With a clustering method instead of a categorical method, the current study provides further understanding of common distributions of childhood trauma experience in BD and the unique profile of their cognitive performance. The results allowed us to evaluate the impact of a certain combination of childhood trauma subtypes and provided a more realistic point of view. But there are several limitations that should be considered in this study. First, childhood trauma experience was assessed via self-report, which inevitably faces the issue of recall bias and is often questioned for the possible influence of patients’ psychopathology. However, CTQ scales have proven validity and reliability in both psychotic patients (Fisher et al. 2011) and a BD population (Hosang et al. 2023). Second, more detailed information is lacking about the childhood trauma, such as the actual frequency and duration, which may lead to an over-simplified model for the understanding of trauma experience. Third, all of the participants were recruited from a single tertiary psychiatric hospital. Therefore, the patients likely had a more severe degree of illness and cognitive dysfunction, causing uncertainty about generalizability of the study. Fourth, the sample size in our study was small, leading to limited sizes for each cluster. Only 10% of the patients clustered into the multi-trauma group, making it difficult to demonstrate differences in performance of cognitive domains due to small sample size. A larger sample size of multi-trauma cluster might reveal a cognitive profile different from both low trauma cluster and neglect-focused trauma cluster. Fifth, while assessing cognitive performances, it’s important to consider the impact of medications. However, the effects of different categories of pharmacological treatment on cognitive deficits in BD have shown mixed results in previous studies (Sanches et al. 2015; Wingo et al. 2009; Xu et al. 2020; Yatham et al. 2017). Although there was no significant difference in psychotropic DDD between clusters, we noted a relatively low proportion of subjects receiving lithium treatment in the neglect-focus group, while the long-term beneficial effect of lithium to BD on their cognition compared with other anticonvulsants still needed more research for precise conclusions (Sabater et al. 2016). Lastly, we did not have longitudinal cognitive profiles to ensure the cognitive stability of the patients.

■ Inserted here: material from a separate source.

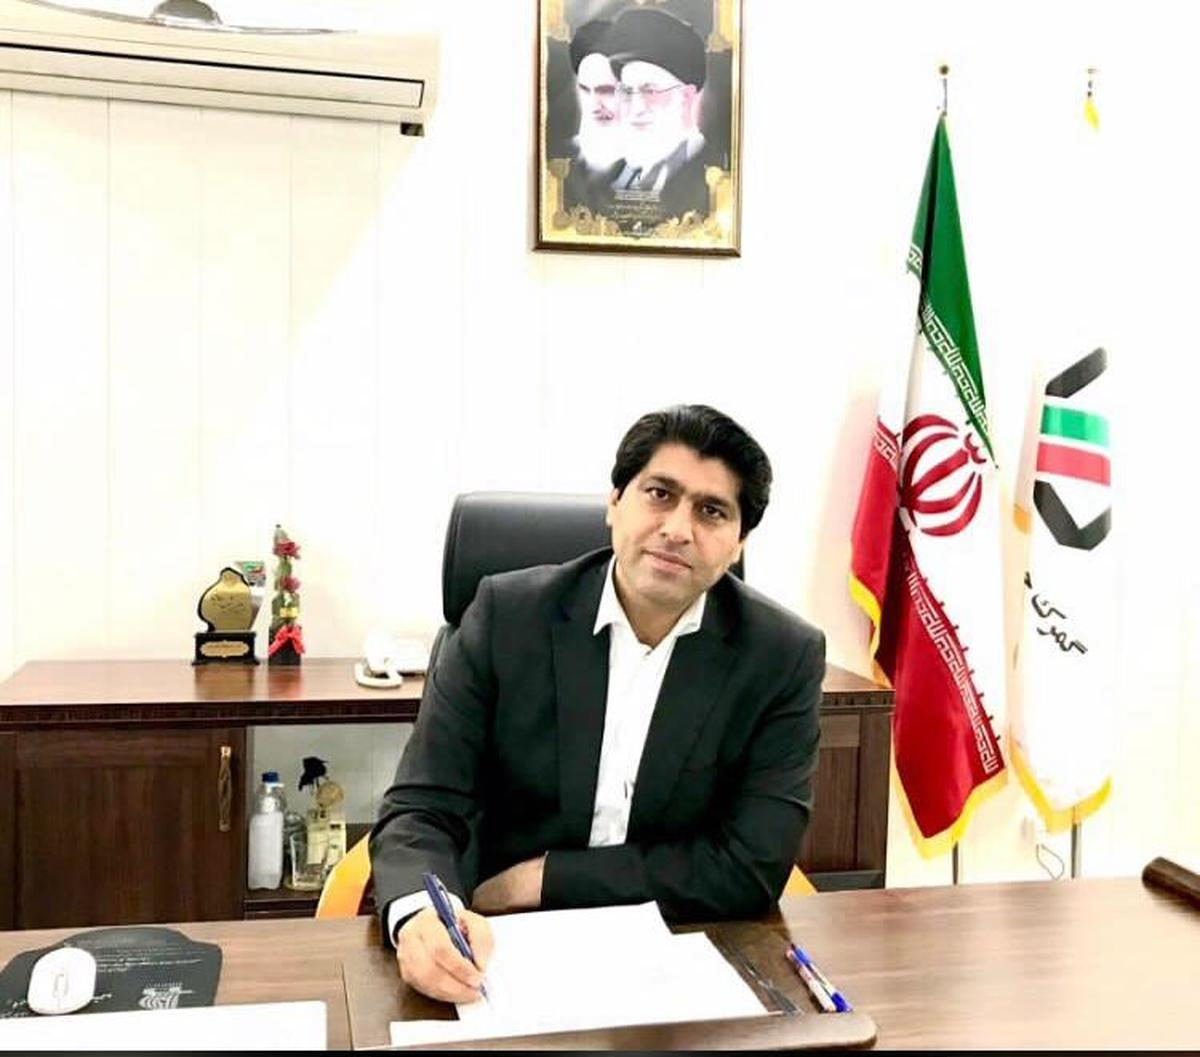 مرز تجاری مهران مجددا فعالیت خود را آغاز کرد/ صادرات کالا از مرز مهران از سر گرفته شد

In conclusion, this study confirmed that neglect-focused trauma experience in BD may cause a negative impact on working memory function. There might be a unique influence of the neglect cluster over childhood abuse. Findings from this study suggest that in clinical practice, history of childhood trauma experiences, not only abuse but also neglect, should be assessed in BD population as it may be associated with cognitive deficits and require further attention while managing the patients. Further research is warranted for understanding the linking mechanisms of childhood neglect, such as disturbed neurodevelopmental process, neurocircuits, immune and inflammatory system. Specific interventions focusing on preventing cognitive deterioration are also required in this cluster of patients.